The vast majority of the movies that were released unrated would not have been rated NC-17, but were released by companies that are not MPAA members and opted not to go through the ratings process.
When "Shame" was released with an NC-17 by Fox Searchlight, National Association of Theater Owners president John Fithian told TheWrap, "I think we need more bold filmmakers and distributors to make content appropriate for the rating and release it that way."
Typically, the NC-17 severely restricts the number of theaters that will show a film, and the venues in which it can be advertised -- but Sundance Selects insisted that it is confident "Blue Is the Warmest Color" can succeed with the rating.

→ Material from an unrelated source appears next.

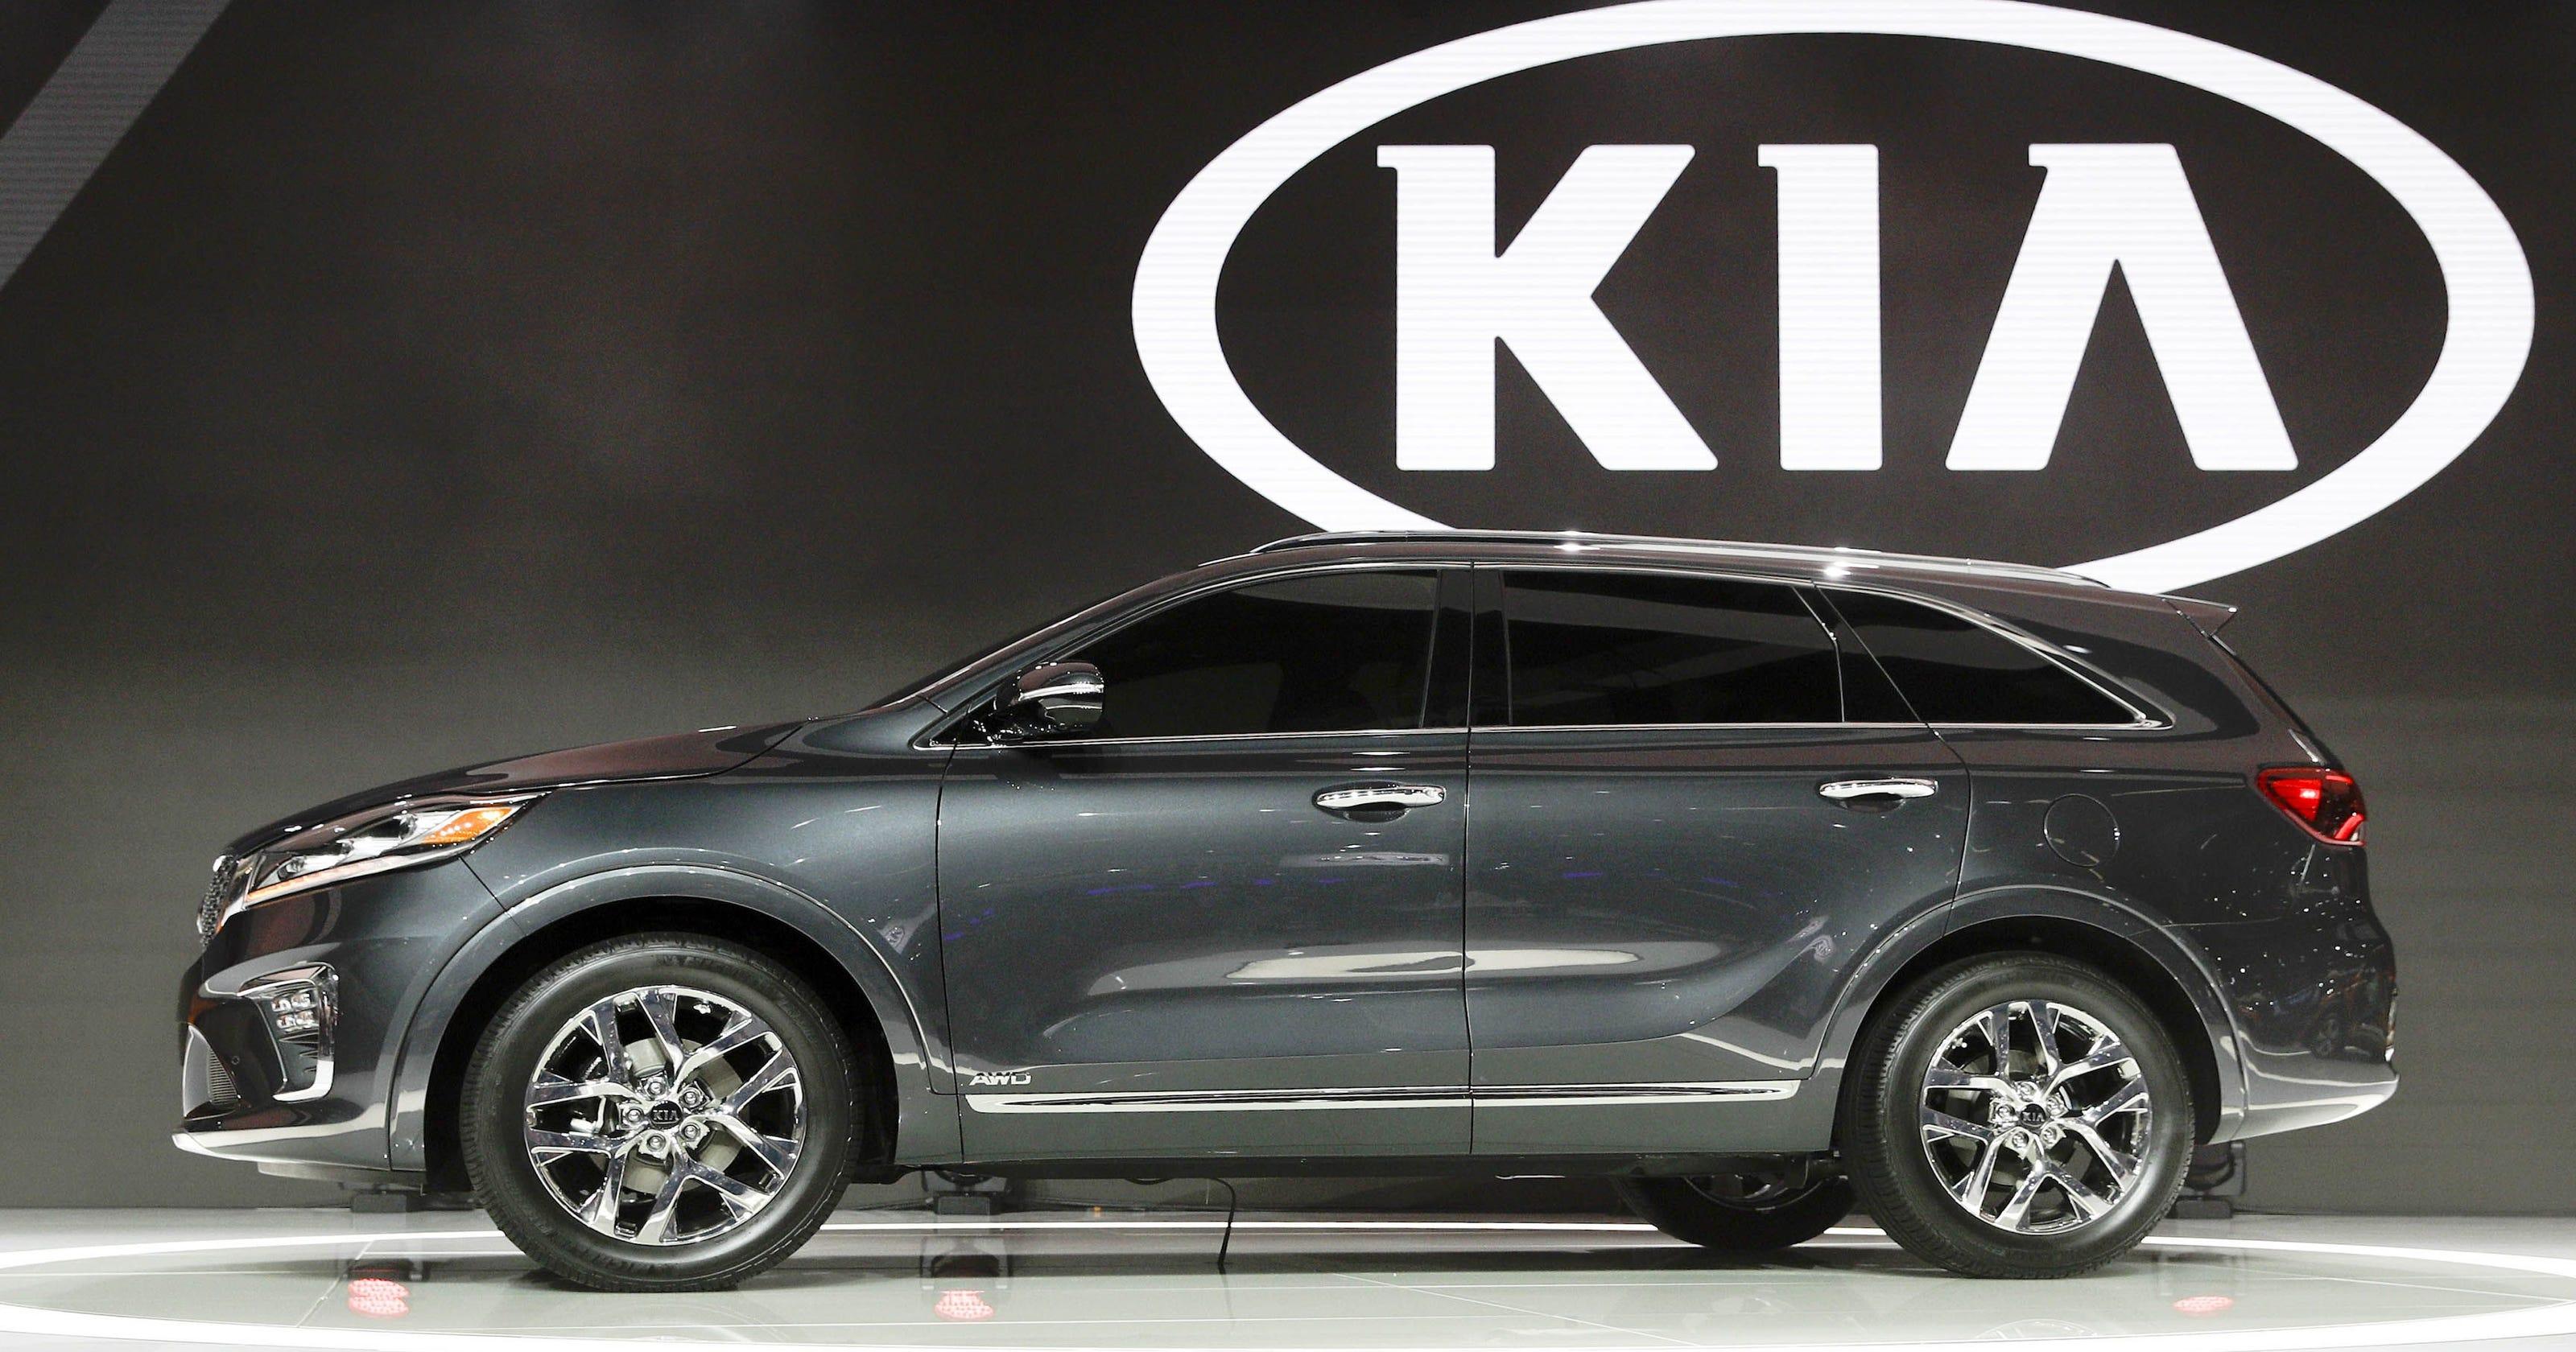 LA Auto Show Kia Sorento Will Be Safer Have Offroad Game - Kia car show
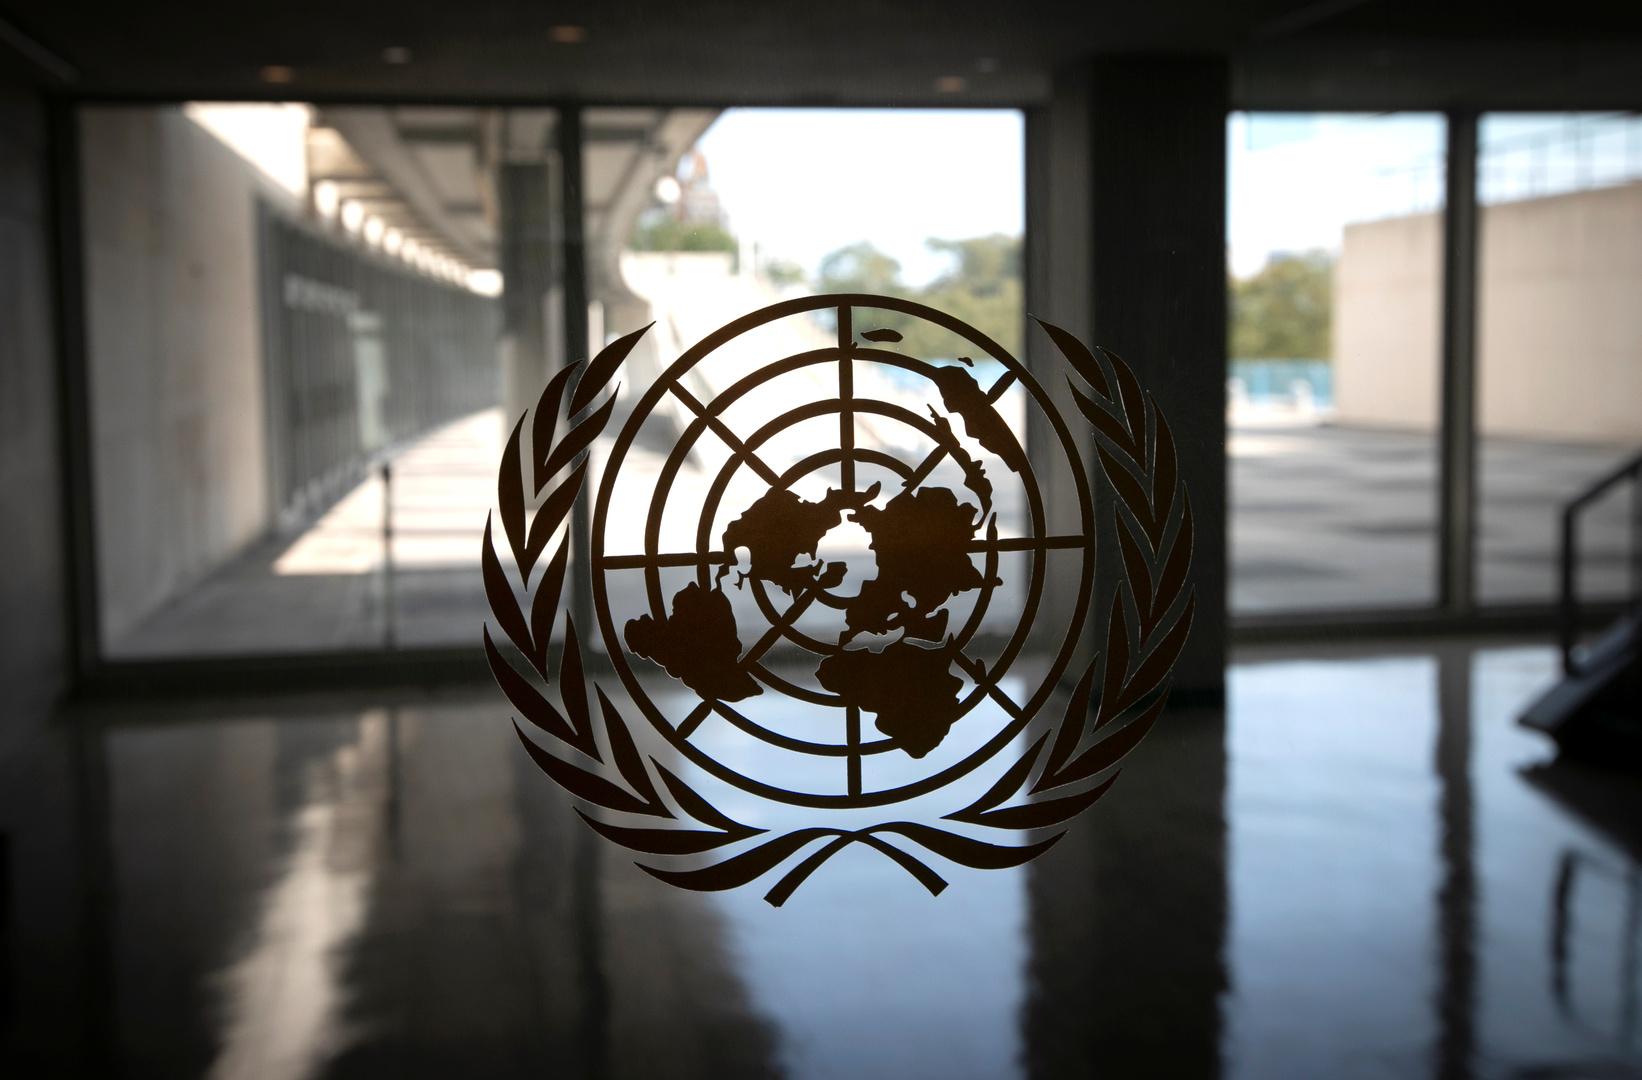 غوتيريش: 124 مليون فقير جديد في العالم بسبب كورونا

"An NC-17 rating no longer holds the stigma it once did, and we look forward to bringing this unforgettable film to audiences nationwide," said Sehring. "We believe this film will leave a lasting imprint as the 'Last Tango in Paris' for a whole new generation."
The press release pointed out that the film was rated acceptable for viewers over 12 in France, and Sehring criticized the MPAA ratings system that was the target of a past IFC release, Kirby Dick's documentary "This Film Is Not Yet Rated."
"We have intimate knowledge of how the MPAA works, and it is unquestionable that changes must be made," said Sehring. "That the board finds violence acceptable for young viewers while condemning sex is egregious."
The MPAA's explanatory note that will be attached to the NC-17 rating will say that the rating is due to "explicit sexual content."